#### Problem requirements:
Please output the lines from the one with "Coloring Page - A" through the end of the data exactly as written, omitting all pictures.

#### Recorded data:
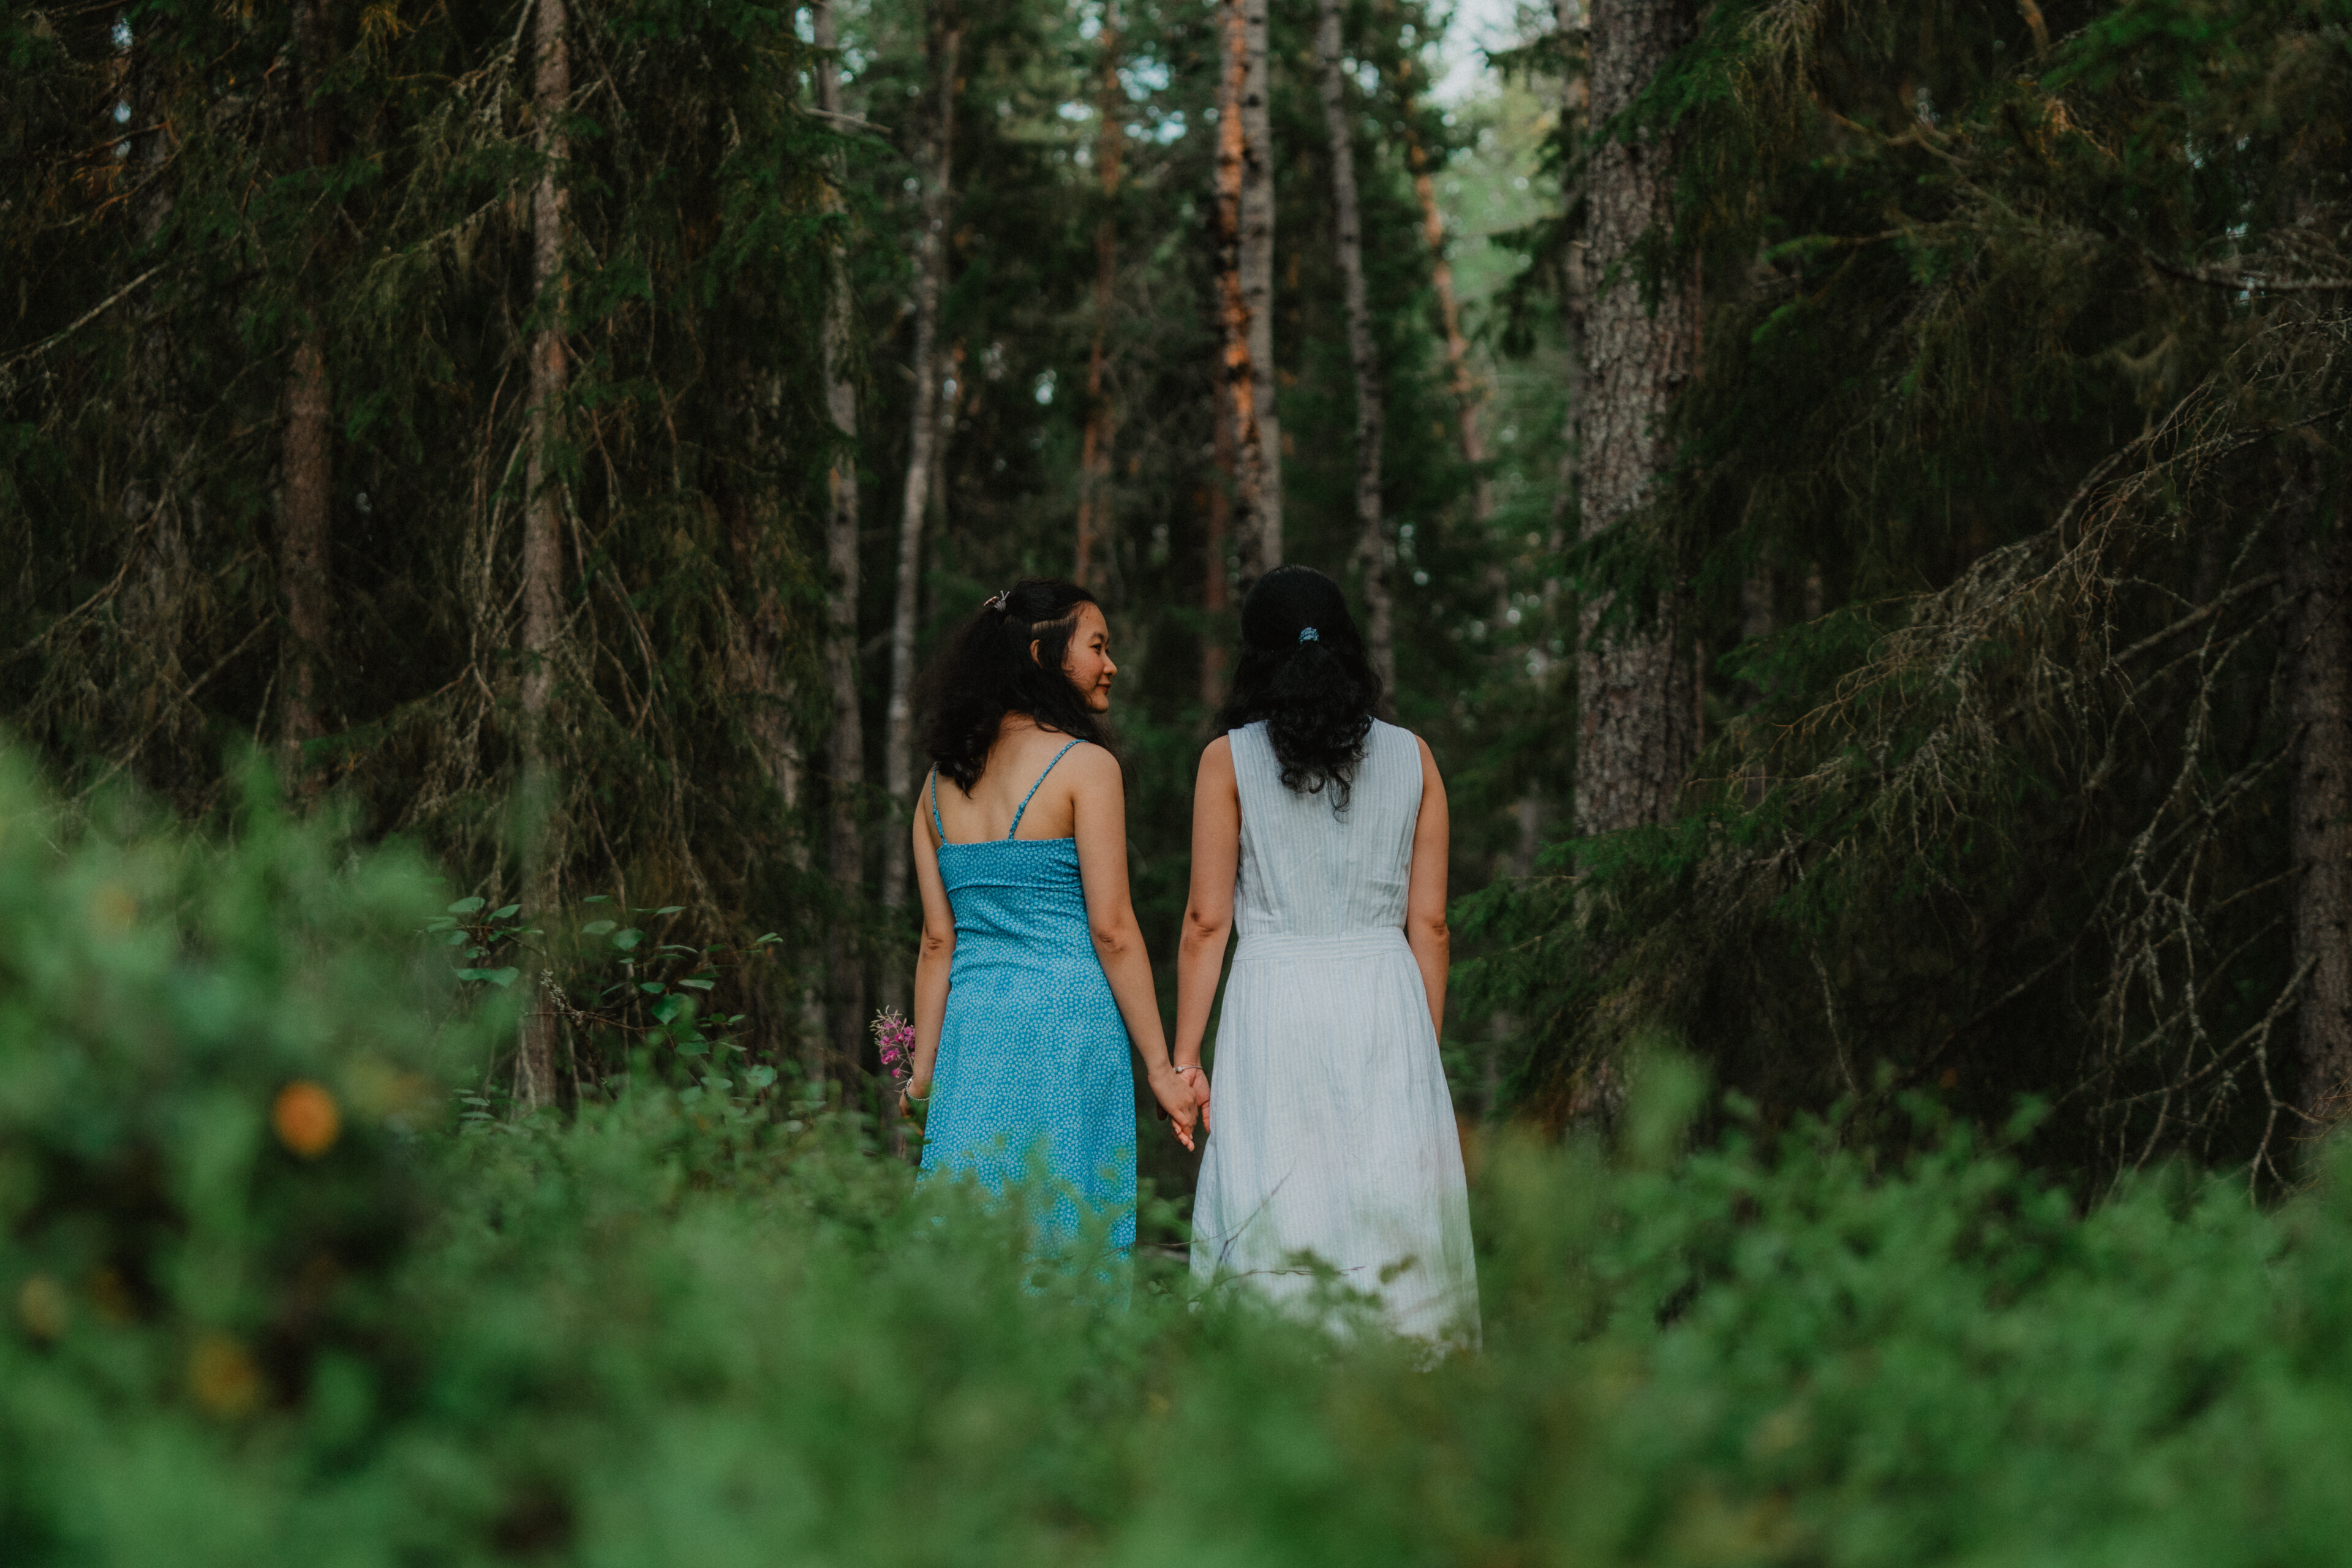 Two women walking a nature trail and holding hands in forest during summer in Rovaniemi, Lapland, Finland.
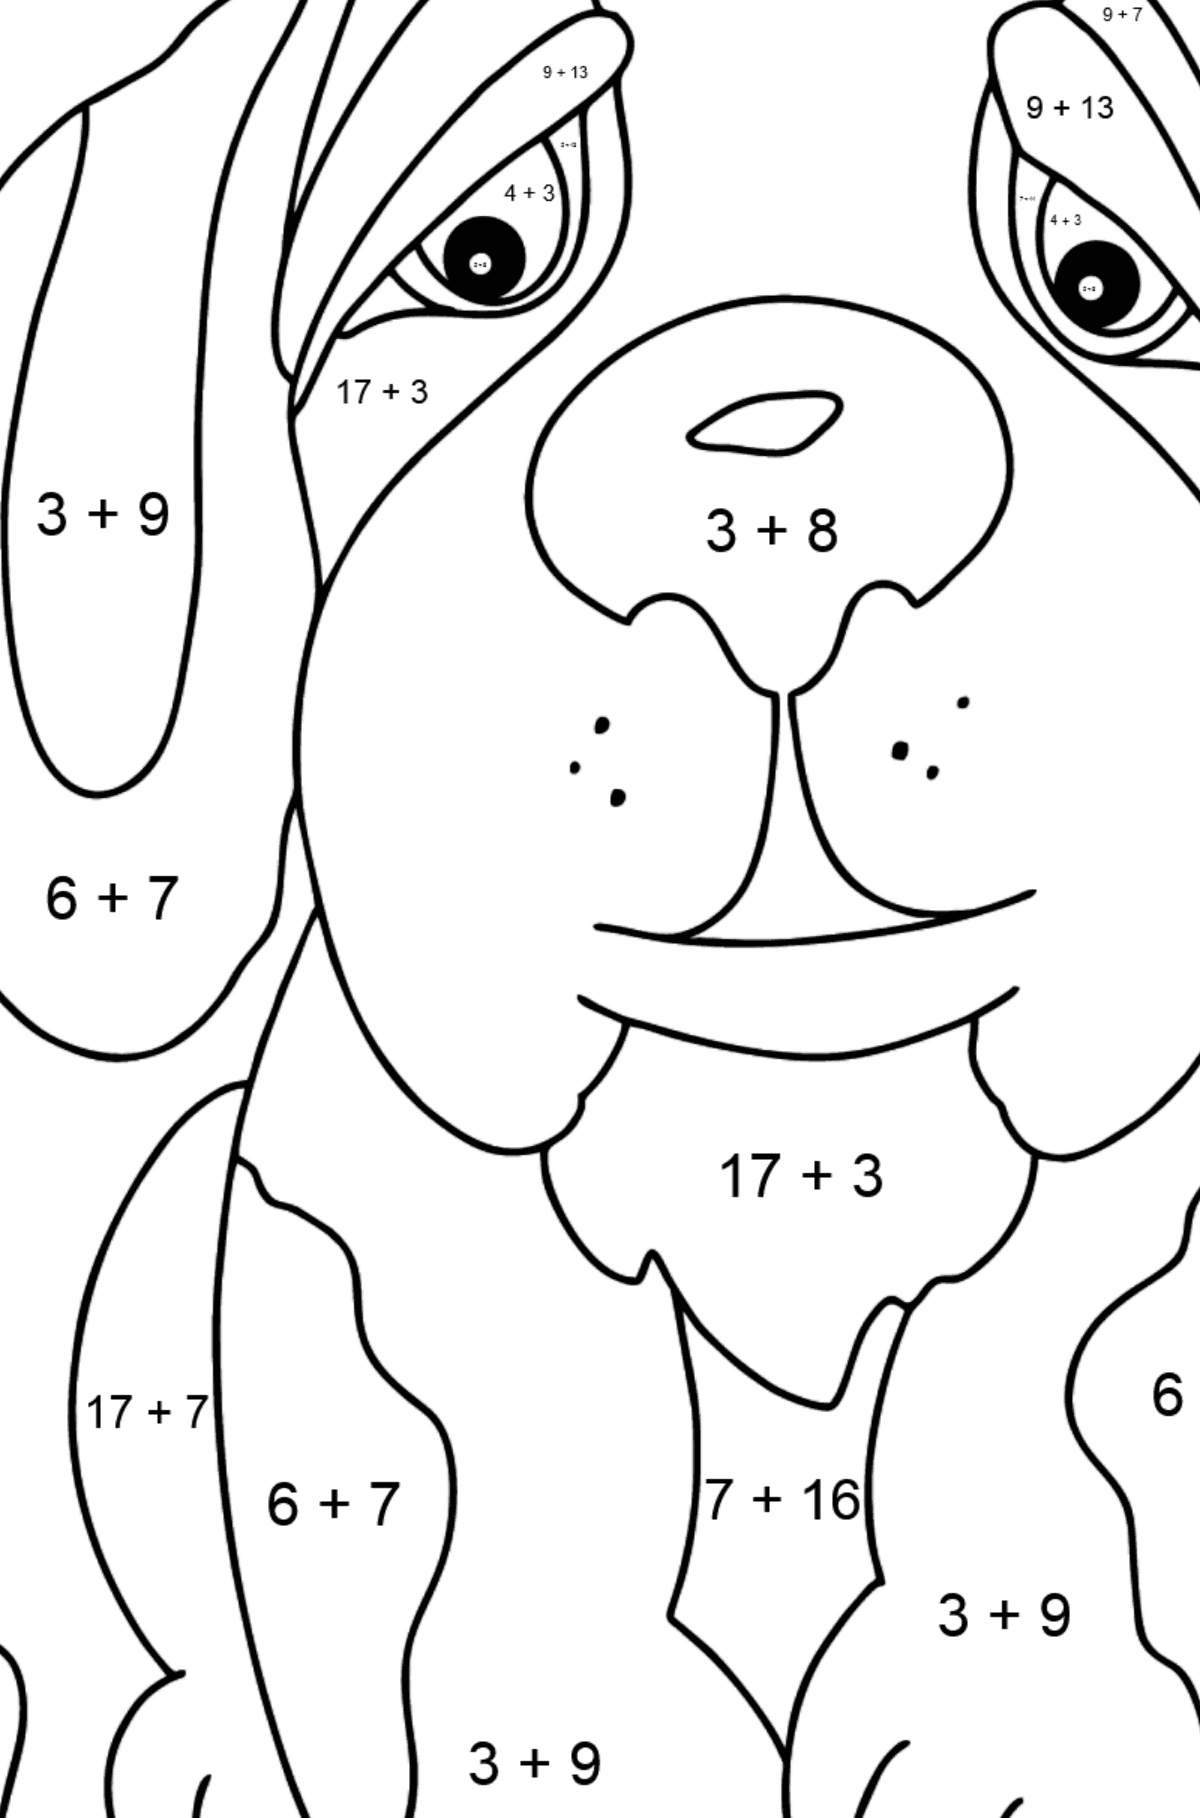 Coloring Page - A Dog is Watching a Butterfly - Math Coloring - Addition for Kids
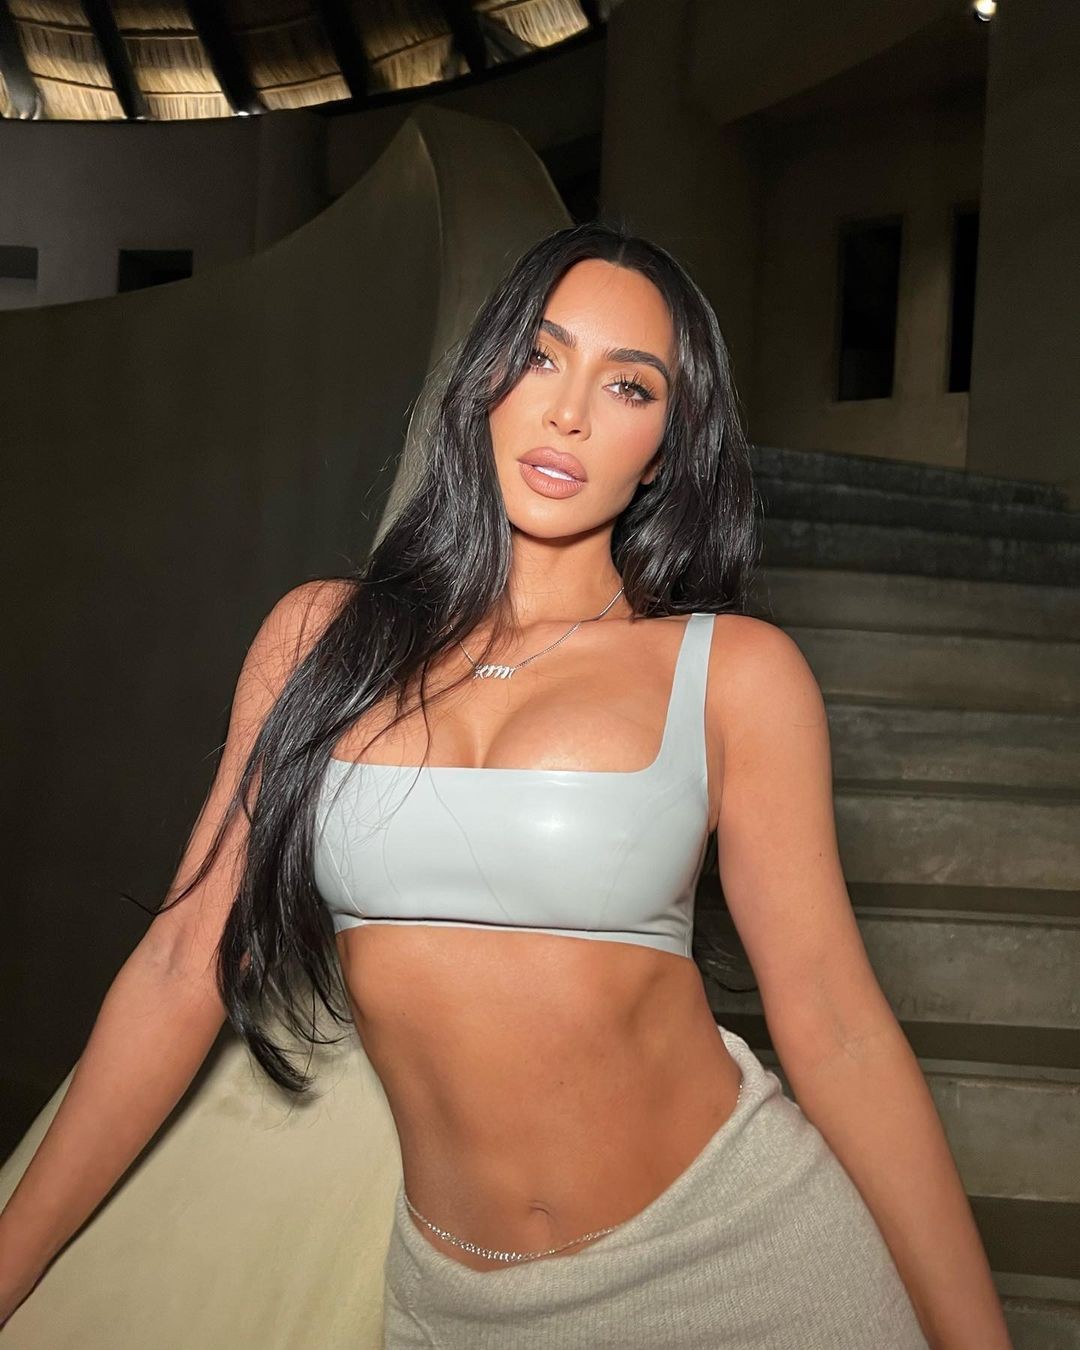 In a surprising turn of events, Kim Kardashian stole the spotlight by flaunting her ample cleavage in new selfies, sparking comparisons to Megan Fox. Despite missing the Oscar Party, the reality celebrity ensured she didn't miss out on the night's trend of showcasing her assets. See how Kim's daring display shook up Hollywood's hottest party!
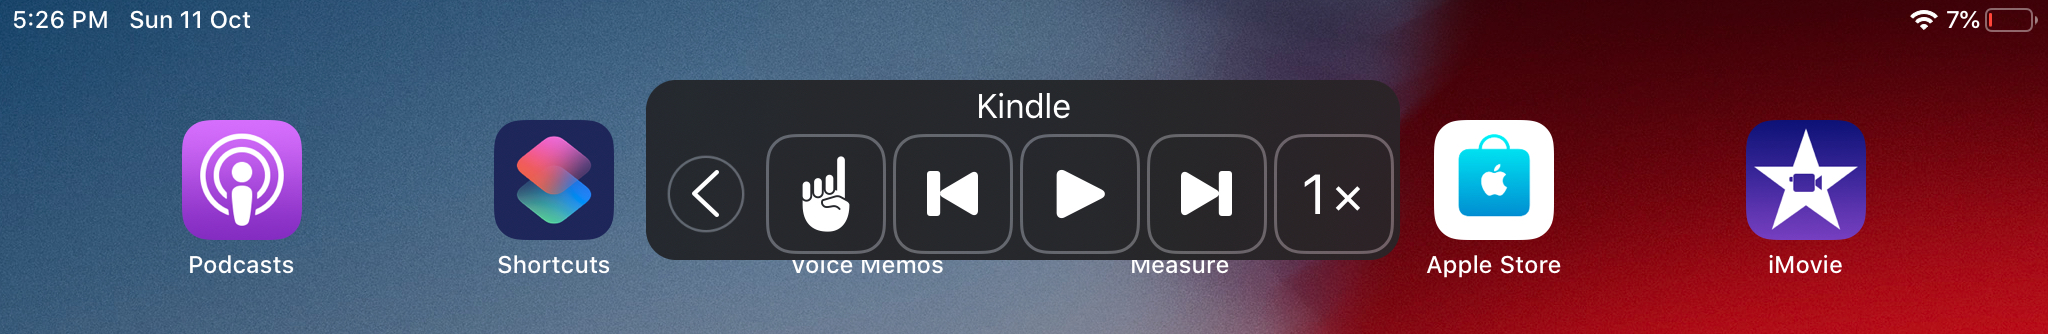 how to logout of kindle on iphone

#### Task result:
 Coloring Page - A Dog is Watching a Butterfly - Math Coloring - Addition for Kids
 In a surprising turn of events, Kim Kardashian stole the spotlight by flaunting her ample cleavage in new selfies, sparking comparisons to Megan Fox. Despite missing the Oscar Party, the reality celebrity ensured she didn't miss out on the night's trend of showcasing her assets. See how Kim's daring display shook up Hollywood's hottest party!
 how to logout of kindle on iphone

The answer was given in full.